Ornamental grasses have become a popular plant for people to use in landscapes and gardens. According to the Smithsonian web site, ornamental grasses have a variety of important uses. For example, they can be used for erosion control, space barriers, wildlife shelters or as background to a flowering plant. Ornamental grasses are also generally low-maintenance plants which and can grow in a wide variety of conditions.
Big bluestem (Andropogon gerardii) is an upright perennial ornamental grass, which reaches 4 to 6 feet tall at maturity. Once it is planted, the grass spreads very quickly. The plant blooms in the months of August and September. According to the University of Illinois Extension web site, big bluestem turns a light brown to bronze colour during the fall and remains this colour into the winter.
Big bluestem grows best in moist well-drained soil. However, the plant has a deep root system, which allows it to survive in hot, dry climates, too. It is hardy in USDA Zones 4 to 9.
Side Oats Grama
Side oats grama (Bouteloua curtipendula) is an ornamental grass native to North America. It is grey-green in colour and produces red flowers from July to September. At maturity, it will reach 2 to 3 feet in height.
According to the University of Minnesota web site, it is a very hardy plant and can tolerate dry slopes and poor soils. It is hardy to Zone 3.
Feather Reed Grass
Feather reed grass (Calamagrostis acutiflora) is an upright plant that grows together in clumps. At maturity, it will reach about 3 to 5 feet in height. The plant generally flowers in June and July, producing reddish-white flowers. According to the University of Illinois Extension, the grass tolerates a wide range of conditions, from sun to light shade. It can also survive in dry climates, although in these conditions the grass tends to be shorter. Feather reed grass is hardy in Zones 5 to 9.

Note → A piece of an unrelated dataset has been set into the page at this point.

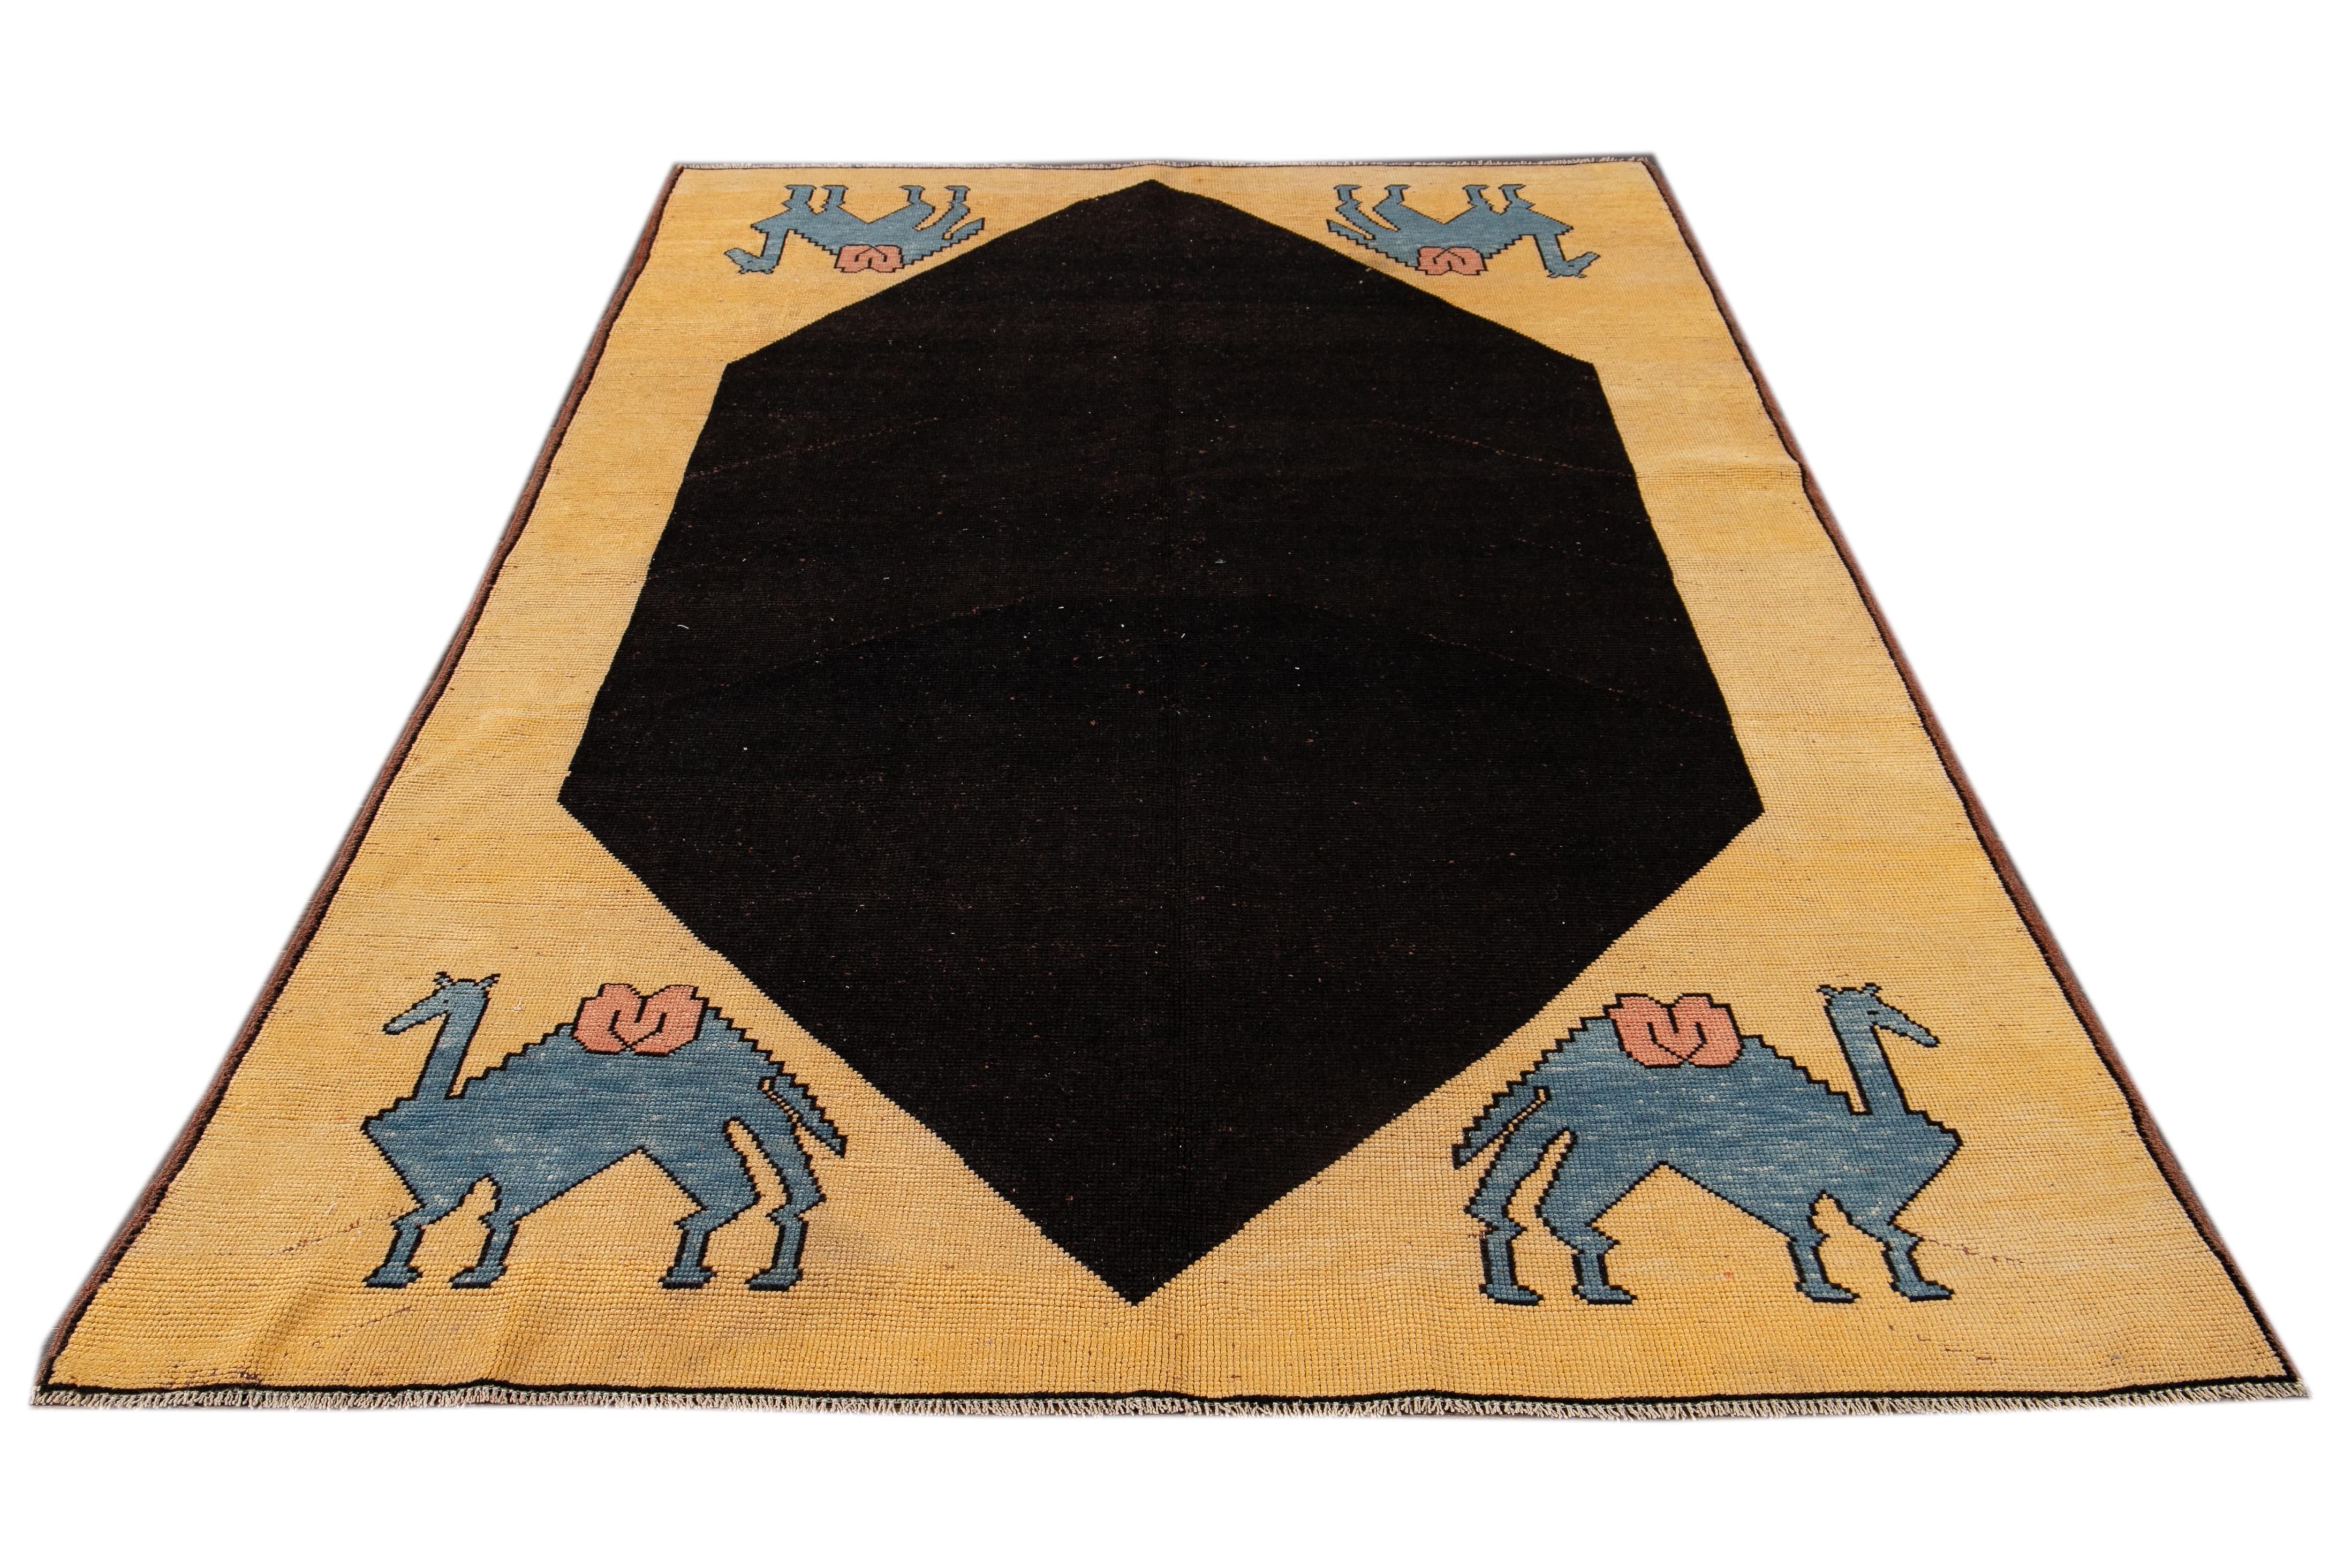 Beautiful vintage Turkish Art Deco rug, hand-knotted wool with a yellow field and black and blue accents in a gorgeous all-over geometric design,

This rug measures 6

Japanese silvergrass (Miscanthus sinensis) is native to eastern Asia, and has since become a popular ornamental grass in North America. It reaches 2 to 10 feet in height at maturity. Once it has matured, the grass is known to spread easily and quickly. It prefers full sunlight, but will tolerate a wide range of conditions, including drought. It is hardy in Zones 4 to 5.
Ribbon grass (Phalaris arundinacea) is native to the north temperate regions. It is green in colour and produces white to pale pink coloured flowers in early summer. At maturity, it will reach about 1 to 3 feet in height. According to the University of Vermont site, it thrives in wet climates, but it will tolerate dry conditions. It can also survive in sun or partial shade. It is hardy in Zones 4 to 9.